- Aim of the exercise:
Could the listing below be returned exactly, with its pictures left out?

- Collected material:
[Start of Attachment]
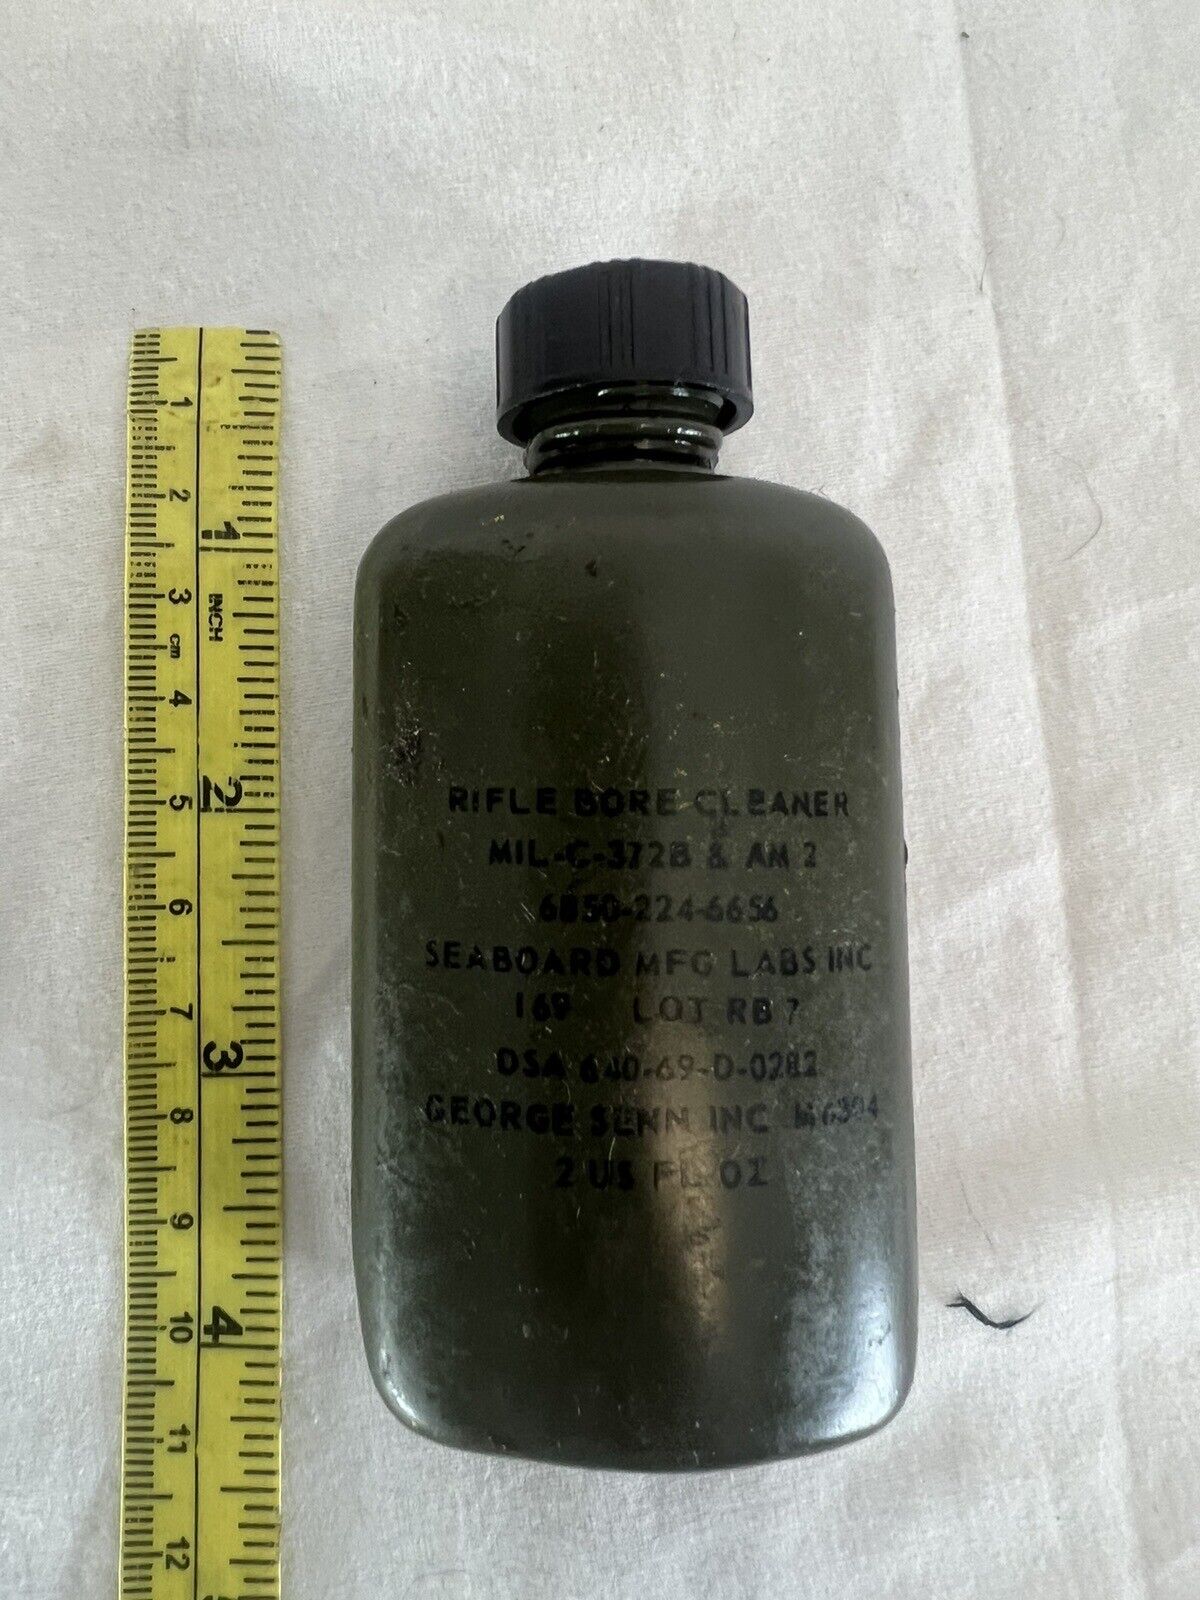 Vietnam War Era US Army Oil Bottle (Empty) 1969
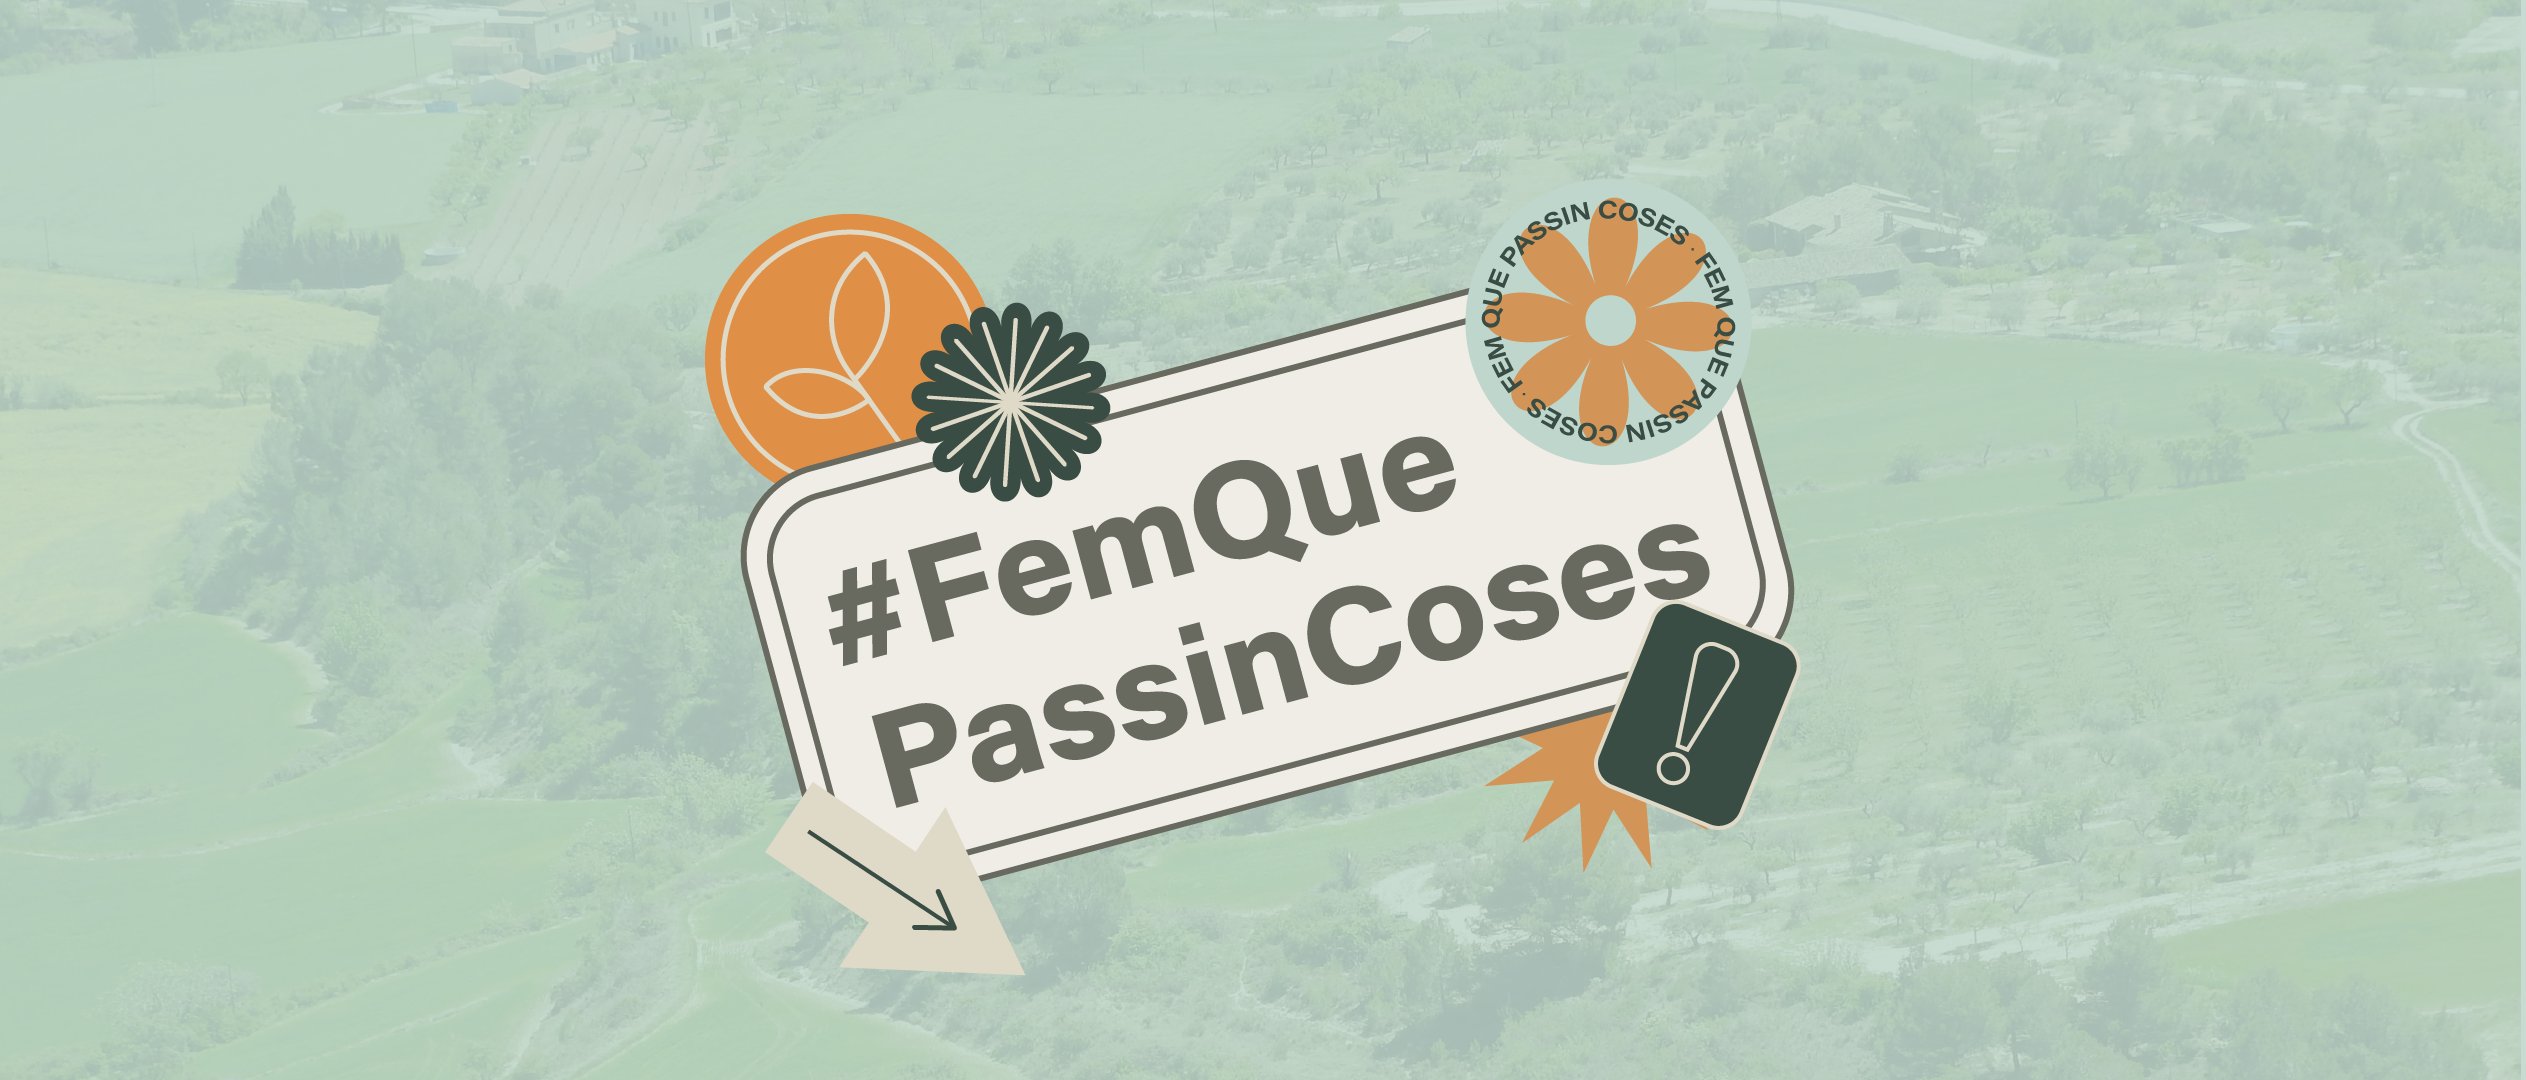 Arrenca la campanya #FemQuePassinCoses
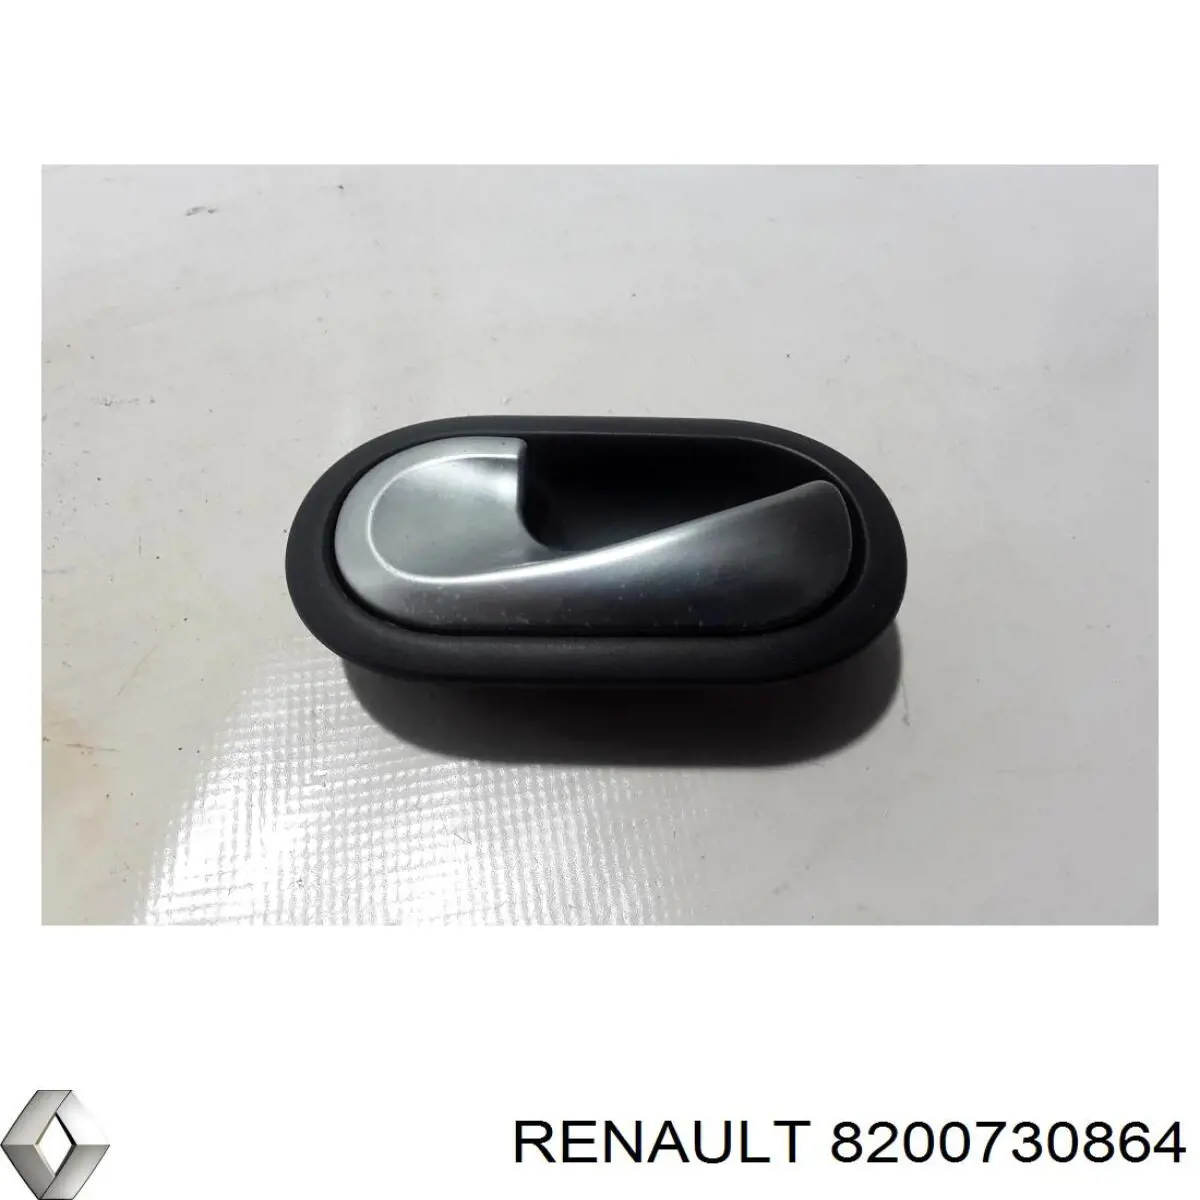 8200730864 Renault (RVI)
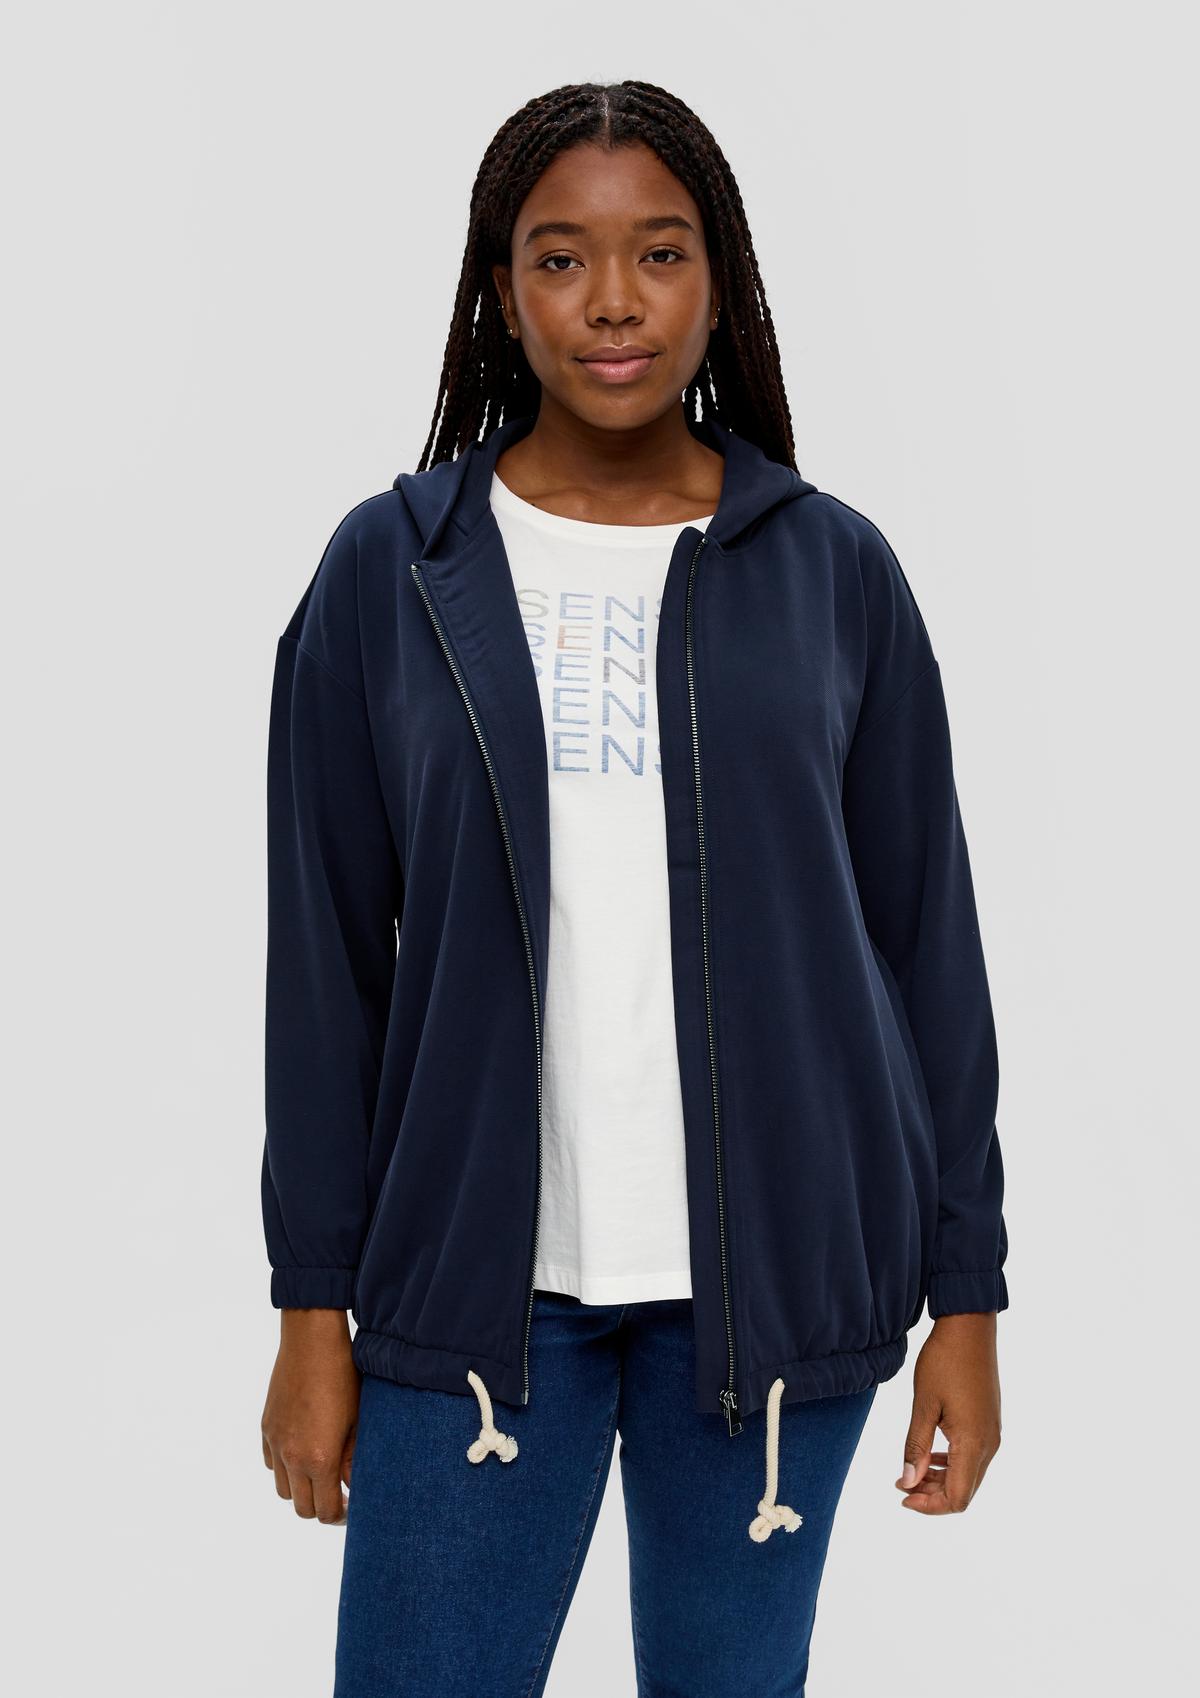 s.Oliver Sweatshirt jacket in a modal blend
[End of Attachment]
- Completed exercise:
 Vietnam War Era US Army Oil Bottle (Empty) 1969
 Arrenca la campanya #FemQuePassinCoses
 8200730864 Renault (RVI)
 s.Oliver Sweatshirt jacket in a modal blend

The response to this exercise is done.